Выбрать главу

Я вкушал тогда первый пламень наслаждения, который молодость легко принимает за первый пламень любви, и самолюбие мое так тешила победа, одержанная над Кардиналом на поле брани столь прекрасном, как Арсенал, что, едва я почувствовал перемену во всех членах семьи, душу мою охватила ярость. Муж соглашался и даже желал, чтобы почаще ездили в Рюэль; жена дарила меня признаниями, в искренности которых я теперь часто сомневался; наконец гнев г-жи де Гемене, о причине которого я вам рассказал, ревность, пробужденная во мне г-жой де Ла Мейере, отвращение к моему сану — все соединилось в роковую минуту и едва не произвело одно из самых великих и громких событий нашего века.

Ла Рошпо, мой двоюродный брат и близкий друг, состоял на службе при особе покойного герцога Орлеанского и пользовался чрезвычайным его доверием.
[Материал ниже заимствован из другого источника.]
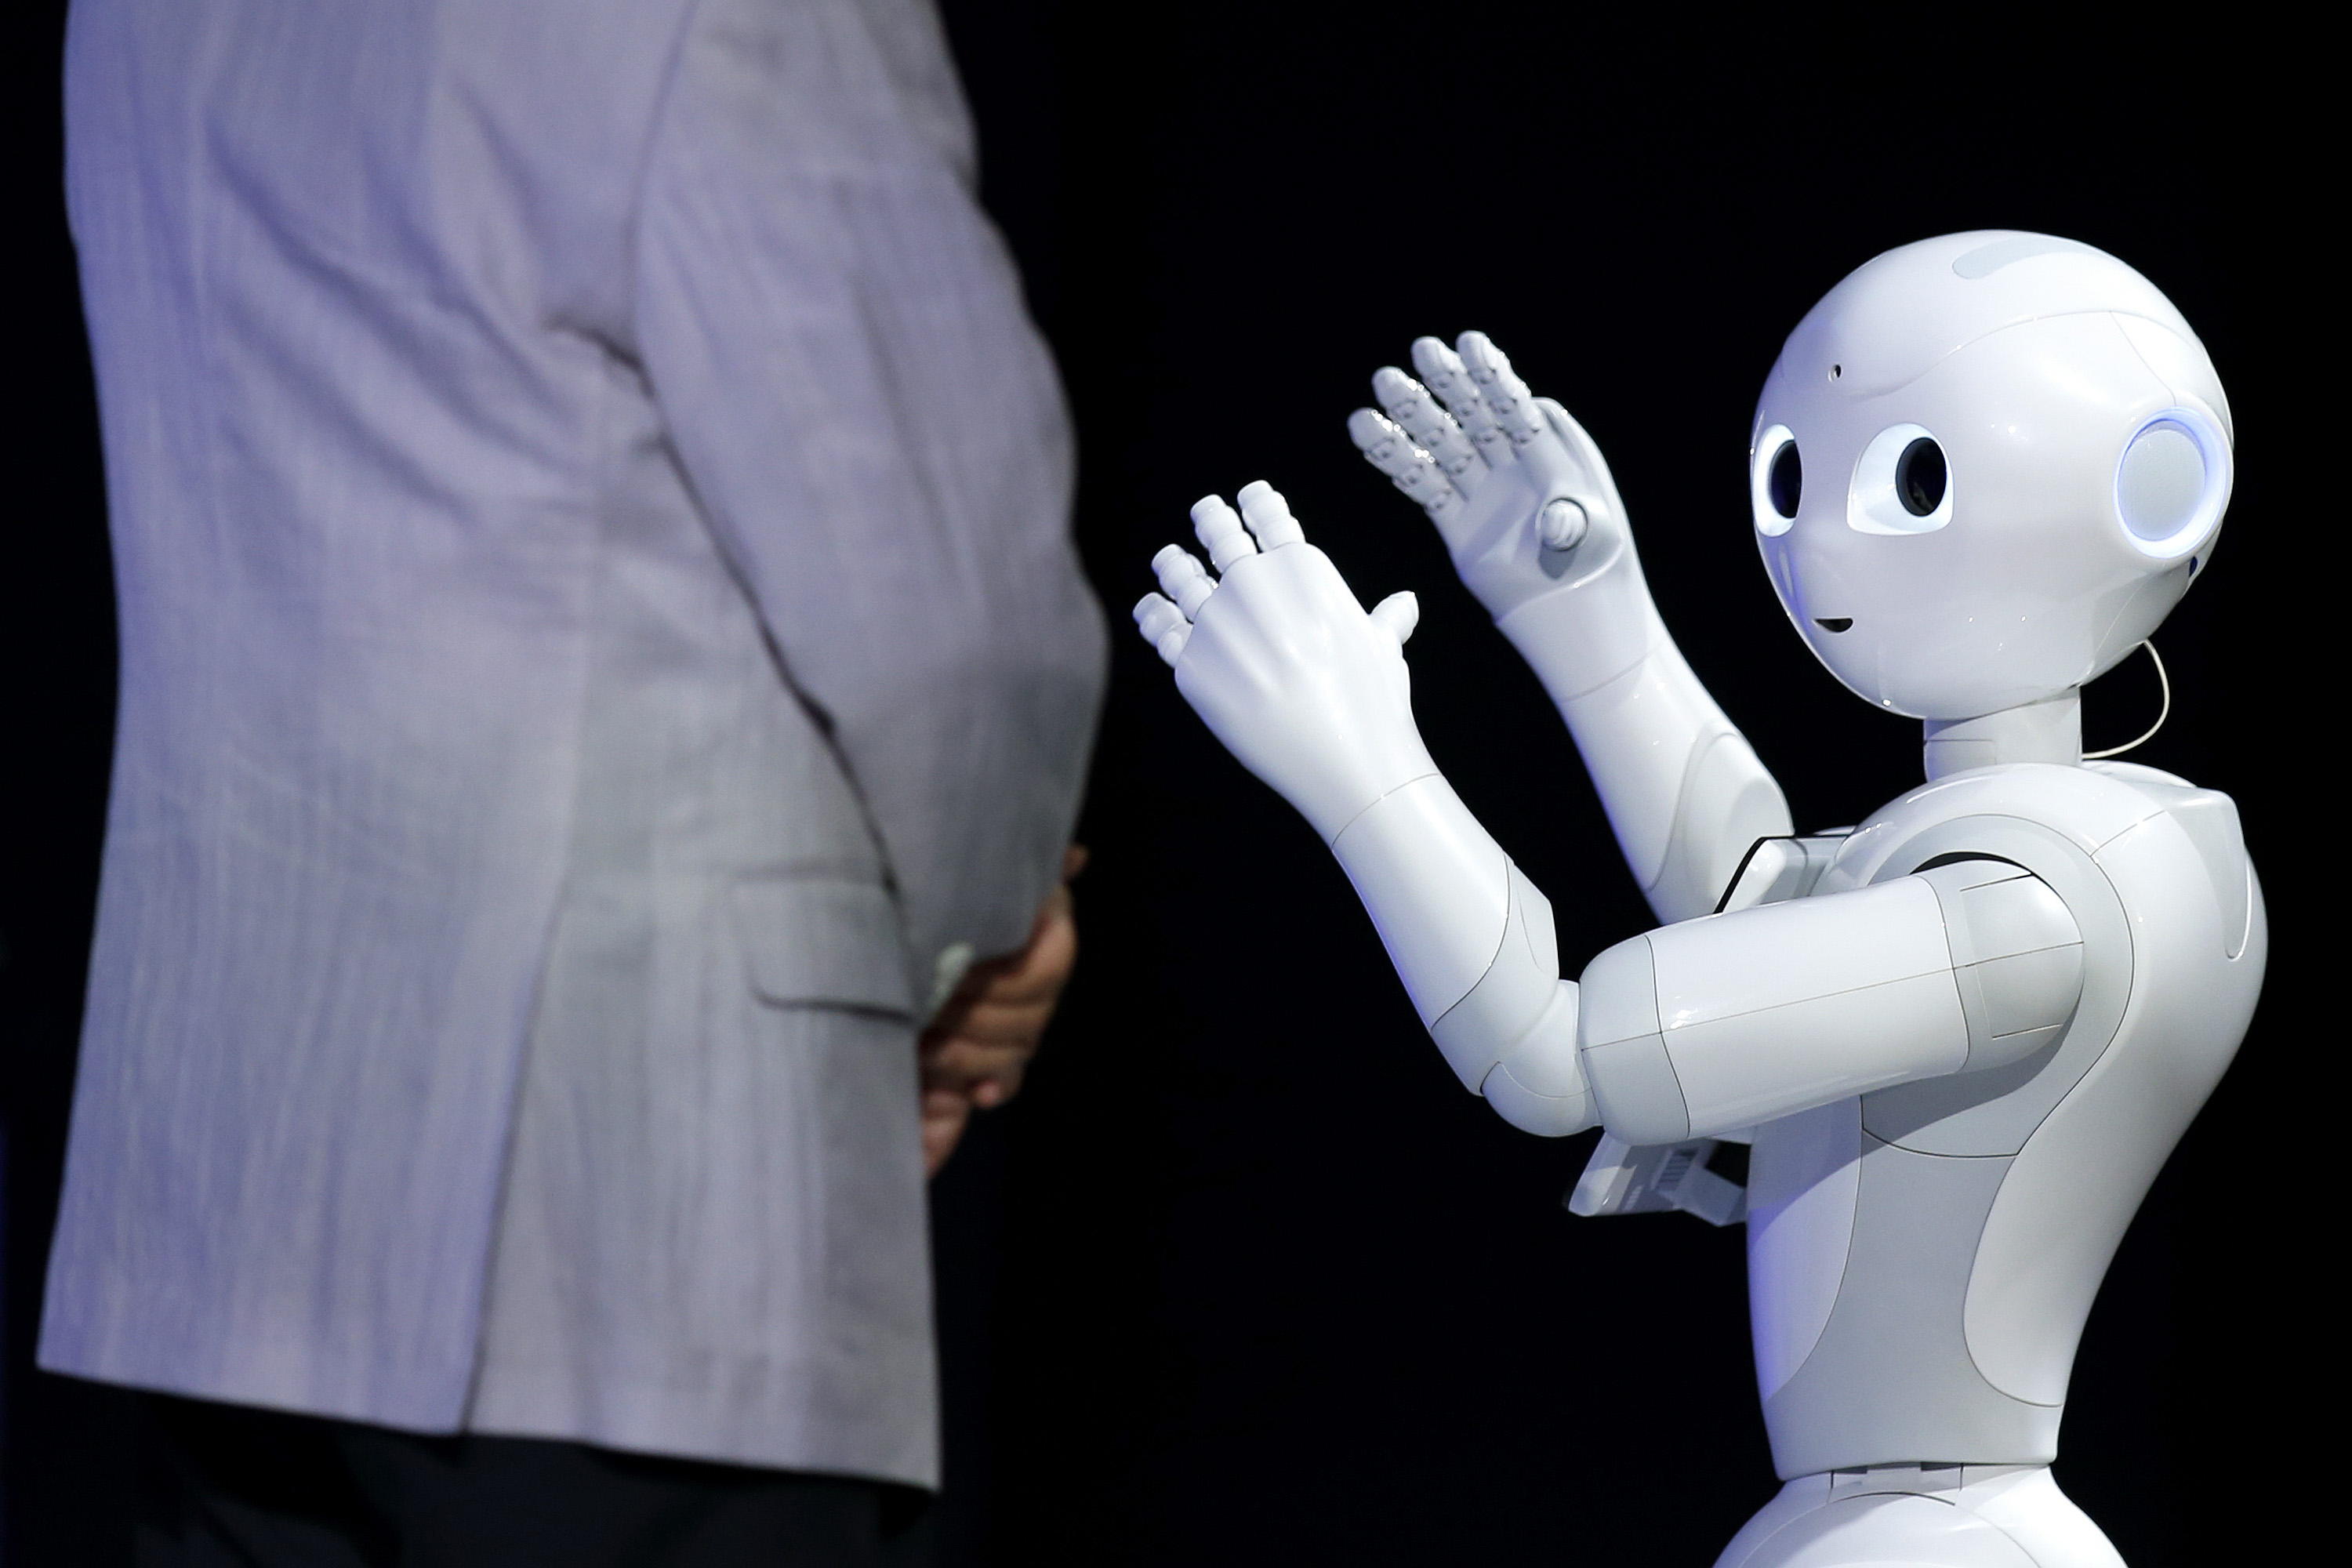 The humanoid robot Pepper, developed by SoftBank Corp.'s Aldebaran Robotics unit, performs next to Masayoshi Son, chairman and chief executive officer of the telecom giant, at SoftBank World 2014 in Tokyo on Tuesday. | BLOOMBERG

Он от души ненавидел кардинала де Ришельё, ибо был сыном г-жи Дю Фаржи, которую преследовал этот министр, подвергший ее публичному поруганию 42; к тому же незадолго до этого Кардинал, все еще державший в Бастилии графа Дю Фаржи 43, отказался дать Ла Рошпо Шампанский полк, о котором хлопотал для него маршал де Ла Мейере, высоко ценивший его храбрость. Вам нетрудно представить себе, сколь часто мы с ним слагали панегирики Кардиналу, негодуя на малодушие герцога Орлеанского, который убедил Графа покинуть Францию и удалиться в Седан, дав ему слово присоединиться к нему, а сам бесславно возвратился из Блуа ко двору.

Поскольку я был преисполнен чувств, о которых вам только что поведал, а Ла Рошпо тех, что были внушены ему обстоятельствами его семьи [18] и его собственными, мы легко пришли к одной и той же мысли: воспользовавшись слабодушием Месьё 44, исполнить то, что отвага приближенных едва не заставила его совершить в Корби и о чем для большей ясности должно вам коротко рассказать.

Когда вражеская армия 45 под командованием принца Томмазо Савойского и Пикколомини вторглась в Пикардию, Король сам отправился туда, взяв брата своего главнокомандующим, а графа Суассонского его заместителем. Оба были в самых дурных отношениях с кардиналом де Ришельё, который возложил на них эти обязанности, повинуясь одной лишь необходимости и потому, что испанцы, угрожавшие самому сердцу королевства, захватили уже Корби, Ла-Капель и Ле-Катле. Едва только враги отступили в Нидерланды и Король вновь овладел Корби 46, всем стало ясно, что графа Суассонского, который внушал первому министру жестокую зависть своей доблестью, учтивостью и щедростью, был связан сердечной дружбой с Месьё, и главное — совершил тягчайшее преступление, отказавшись жениться на г-же д'Эгийон 47, постараются сгубить. Л'Эпине, Монтрезор и Ла Рошпо приложили все старания, чтобы, запугав Месьё, вселить в него решимость избавиться от Кардинала; Сент-Ибар, Варикарвиль, Бардувиль и Борегар, отец того Борегара, который состоит у меня на службе, убедили в том же графа Суассонского.

Дело было решено, но не исполнено. В Амьене Кардинал был у них в руках, но они его не тронули. Я так никогда и не дознался почему; все участники заговора об этом рассказывали, и каждый винил другого. Что произошло на самом деле, мне неизвестно. Верно лишь, что по прибытии в Париж, всеми ими овладел страх. Граф, который по общему суждению был самым твердым из амьенских заговорщиков, бежал в Седан, бывший в ту пору владением герцога Буйонского. Месьё отправился в Блуа, а герцог де Рец 48, который не участвовал в амьенском предприятии, но был горячо предан графу Суассонскому, выехал ночью из Парижа на перекладных и укрылся в Бель-Иле. Король послал в Блуа графа де Гиша, ныне маршала де Грамона, и де Шавиньи, государственного секретаря и ближайшего доверенного Кардинала. Они напугали Месьё и увезли его в Париж, где им овладел еще больший страх, ибо те из его приближенных, кто был ему предан, то есть те из состоявших у него на службе, кто не был подкуплен двором, зная его слабую струну, не преминули воздействовать на нее, чтобы он позаботился о своей, а лучше сказать, об их безопасности. Эту струну мы с Ла Рошпо и надеялись натянуть, чтобы втянуть Месьё в наш заговор. Я прибегнул к столь неправильному выражению, ибо не нашел другого, которое нагляднее изобразило бы натуру Месьё. Он замысливал все, но ни на что не решался, а если случайно решался на что-нибудь, его надо было при этом подталкивать или, лучше сказать, толкнуть со всей силой, чтобы побудить исполнить задуманное.